Wednesday, 11/05/2003 12:56:29 PM

Wednesday, November 05, 2003 12:56:29 PM

Post# of 249169
SPIN.......From a straight Shooter.

TPM's form a hardware cornerstone to NGSCB...when you
find something similar in print or on MSFT's site that
says Rainbow's hardware does the same....it won't be
SPIN.....
I would also think that Infineon,Atmel,NSM,& ST Micro
the TPM manufacturers might have something to say along
with the PC OEM's like IBM,HP who decide which bit of
Hardware goes into their PC's or does MSFT decide every
thing??



The TPM 1.2 spec includes a handful of new features to enable the chips to generate multiple keys for various applications and services in a manner that allows the system user to remain anonymous. The updated chips should be available in the second half of 2004.


IBM expects it will have shipped as many as 8 million systems, mainly Thinkpad notebooks, using 1.1 version TPMs by the end of this year. To date, Hewlett-Packard has announced a single model desktop with the 1.1 TPM. Both companies said they see value in moving to the new chips.

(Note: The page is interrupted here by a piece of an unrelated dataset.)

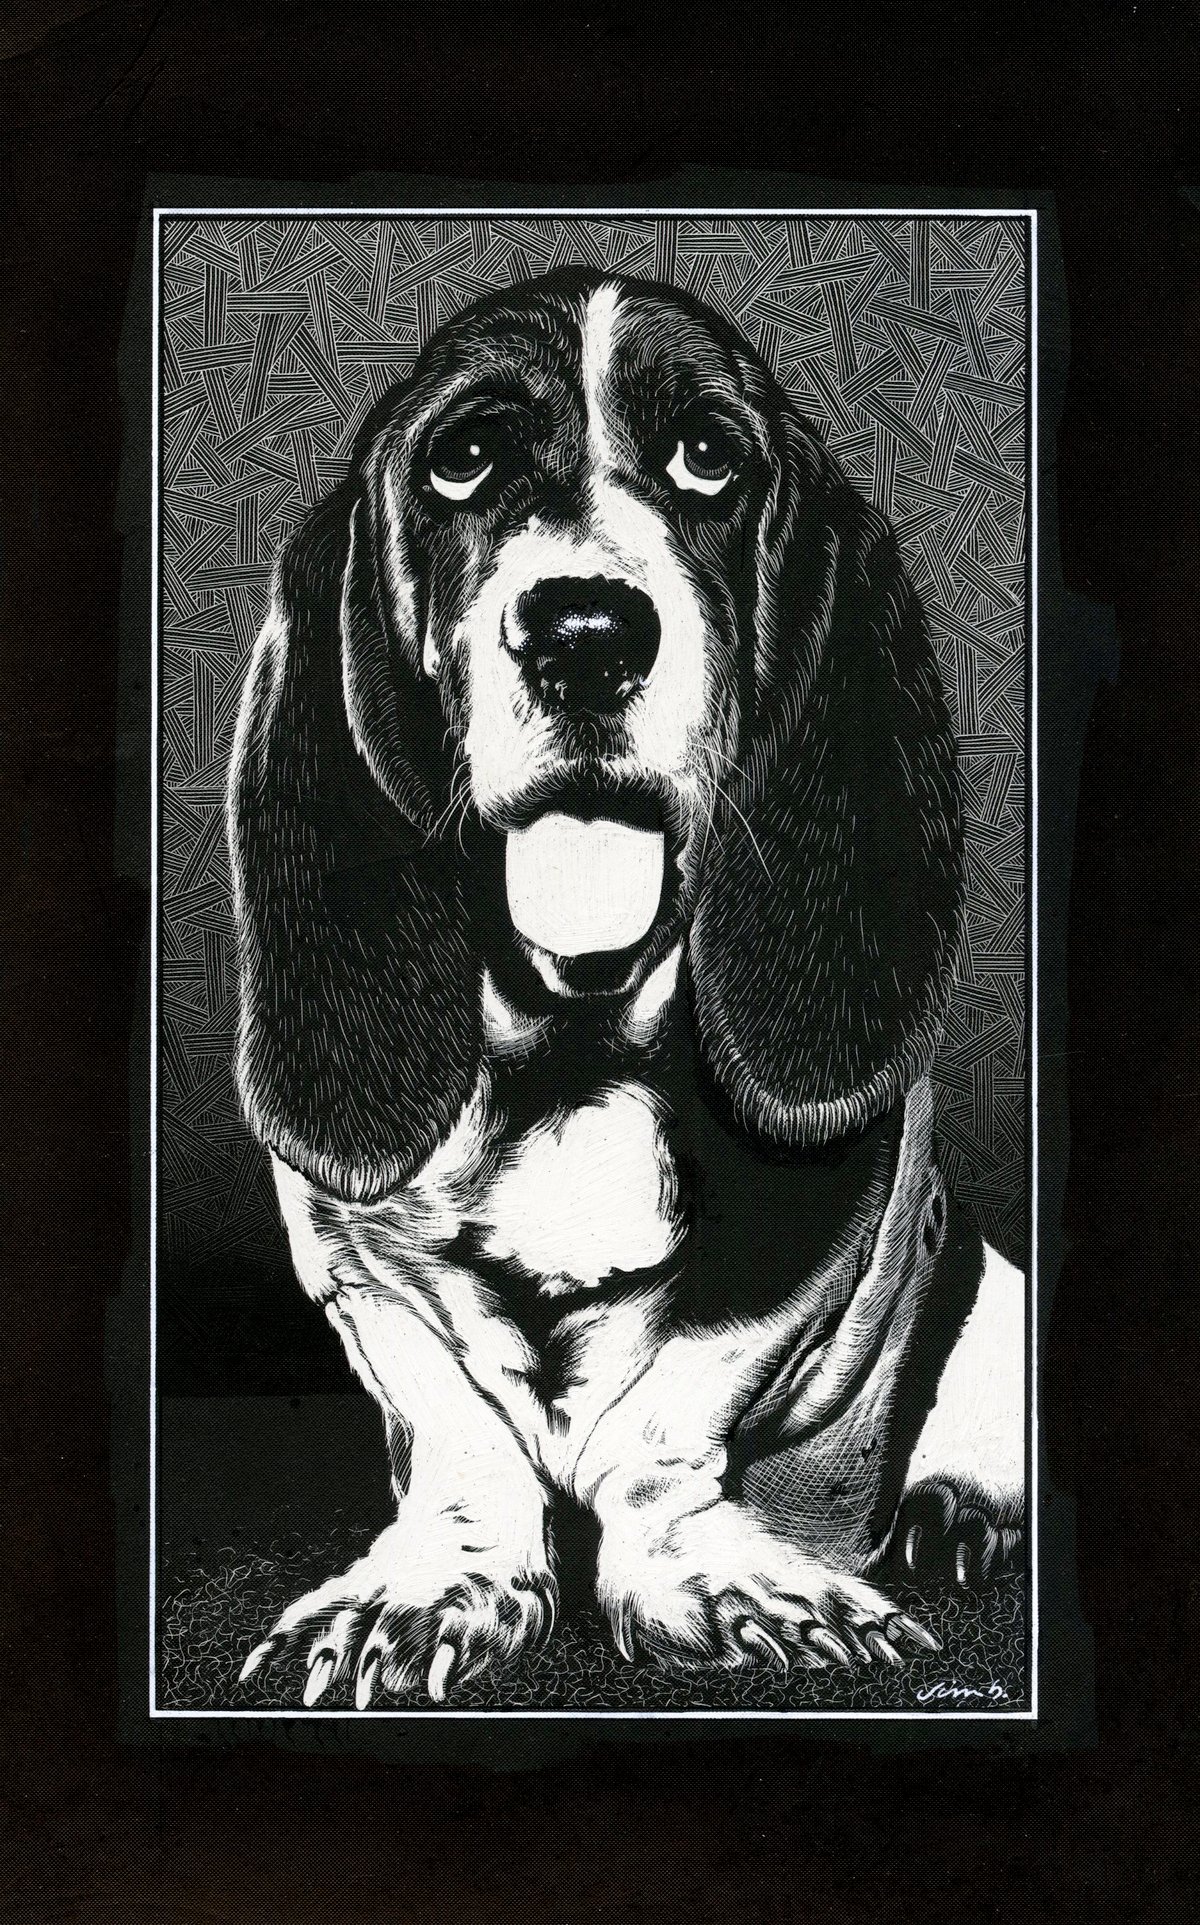 https://assets.bigcartel.com/product_images/270254348/basset+hound+01.jpg?auto=format&fit=max&w=1200

The chips form a hardware cornerstone for Microsoft Corp.'s Next-Generation Secure Computing Base (NGSCB) that will be built into the next-generation of Windows dubbed Longhorn and expected in 2005. Longhorn will add to the TPM hardware a capability to have a secure execution mode and secure I/O on a desktop PC as well as secure processes on an application by application level.